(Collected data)
------

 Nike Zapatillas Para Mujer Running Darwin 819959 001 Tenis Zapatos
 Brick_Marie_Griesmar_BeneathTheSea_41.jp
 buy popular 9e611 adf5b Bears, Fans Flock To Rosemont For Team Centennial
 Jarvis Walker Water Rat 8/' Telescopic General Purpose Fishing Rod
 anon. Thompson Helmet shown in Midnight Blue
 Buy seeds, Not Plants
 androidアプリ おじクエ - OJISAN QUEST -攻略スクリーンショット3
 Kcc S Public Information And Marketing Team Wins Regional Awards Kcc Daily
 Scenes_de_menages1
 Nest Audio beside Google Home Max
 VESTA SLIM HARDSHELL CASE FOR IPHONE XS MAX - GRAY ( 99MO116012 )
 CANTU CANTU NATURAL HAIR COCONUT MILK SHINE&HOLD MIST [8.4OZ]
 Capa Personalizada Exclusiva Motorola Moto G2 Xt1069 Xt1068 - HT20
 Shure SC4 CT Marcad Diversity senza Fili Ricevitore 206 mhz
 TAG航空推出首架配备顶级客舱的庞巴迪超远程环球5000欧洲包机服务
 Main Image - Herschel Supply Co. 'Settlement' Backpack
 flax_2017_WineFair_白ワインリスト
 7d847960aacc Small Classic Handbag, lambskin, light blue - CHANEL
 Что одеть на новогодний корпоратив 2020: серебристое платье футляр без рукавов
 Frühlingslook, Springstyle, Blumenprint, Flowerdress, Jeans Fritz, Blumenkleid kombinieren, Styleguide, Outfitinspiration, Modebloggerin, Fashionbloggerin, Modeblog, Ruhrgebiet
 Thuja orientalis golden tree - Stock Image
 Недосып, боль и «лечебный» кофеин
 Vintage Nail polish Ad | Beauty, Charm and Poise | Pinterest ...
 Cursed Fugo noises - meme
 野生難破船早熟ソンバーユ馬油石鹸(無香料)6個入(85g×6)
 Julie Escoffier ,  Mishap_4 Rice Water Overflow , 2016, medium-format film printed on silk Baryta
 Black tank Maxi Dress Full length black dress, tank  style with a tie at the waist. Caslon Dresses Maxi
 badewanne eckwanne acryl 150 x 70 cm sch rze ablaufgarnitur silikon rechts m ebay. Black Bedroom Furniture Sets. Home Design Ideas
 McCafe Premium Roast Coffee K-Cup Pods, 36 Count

------

Beginning with the line that contains "Nest Audio beside Google Home Max", write out every line through the end of the entries above, exactly.

 Nest Audio beside Google Home Max
 VESTA SLIM HARDSHELL CASE FOR IPHONE XS MAX - GRAY ( 99MO116012 )
 CANTU CANTU NATURAL HAIR COCONUT MILK SHINE&HOLD MIST [8.4OZ]
 Capa Personalizada Exclusiva Motorola Moto G2 Xt1069 Xt1068 - HT20
 Shure SC4 CT Marcad Diversity senza Fili Ricevitore 206 mhz
 TAG航空推出首架配备顶级客舱的庞巴迪超远程环球5000欧洲包机服务
 Main Image - Herschel Supply Co. 'Settlement' Backpack
 flax_2017_WineFair_白ワインリスト
 7d847960aacc Small Classic Handbag, lambskin, light blue - CHANEL
 Что одеть на новогодний корпоратив 2020: серебристое платье футляр без рукавов
 Frühlingslook, Springstyle, Blumenprint, Flowerdress, Jeans Fritz, Blumenkleid kombinieren, Styleguide, Outfitinspiration, Modebloggerin, Fashionbloggerin, Modeblog, Ruhrgebiet
 Thuja orientalis golden tree - Stock Image
 Недосып, боль и «лечебный» кофеин
 Vintage Nail polish Ad | Beauty, Charm and Poise | Pinterest ...
 Cursed Fugo noises - meme
 野生難破船早熟ソンバーユ馬油石鹸(無香料)6個入(85g×6)
 Julie Escoffier ,  Mishap_4 Rice Water Overflow , 2016, medium-format film printed on silk Baryta
 Black tank Maxi Dress Full length black dress, tank  style with a tie at the waist. Caslon Dresses Maxi
 badewanne eckwanne acryl 150 x 70 cm sch rze ablaufgarnitur silikon rechts m ebay. Black Bedroom Furniture Sets. Home Design Ideas
 McCafe Premium Roast Coffee K-Cup Pods, 36 Count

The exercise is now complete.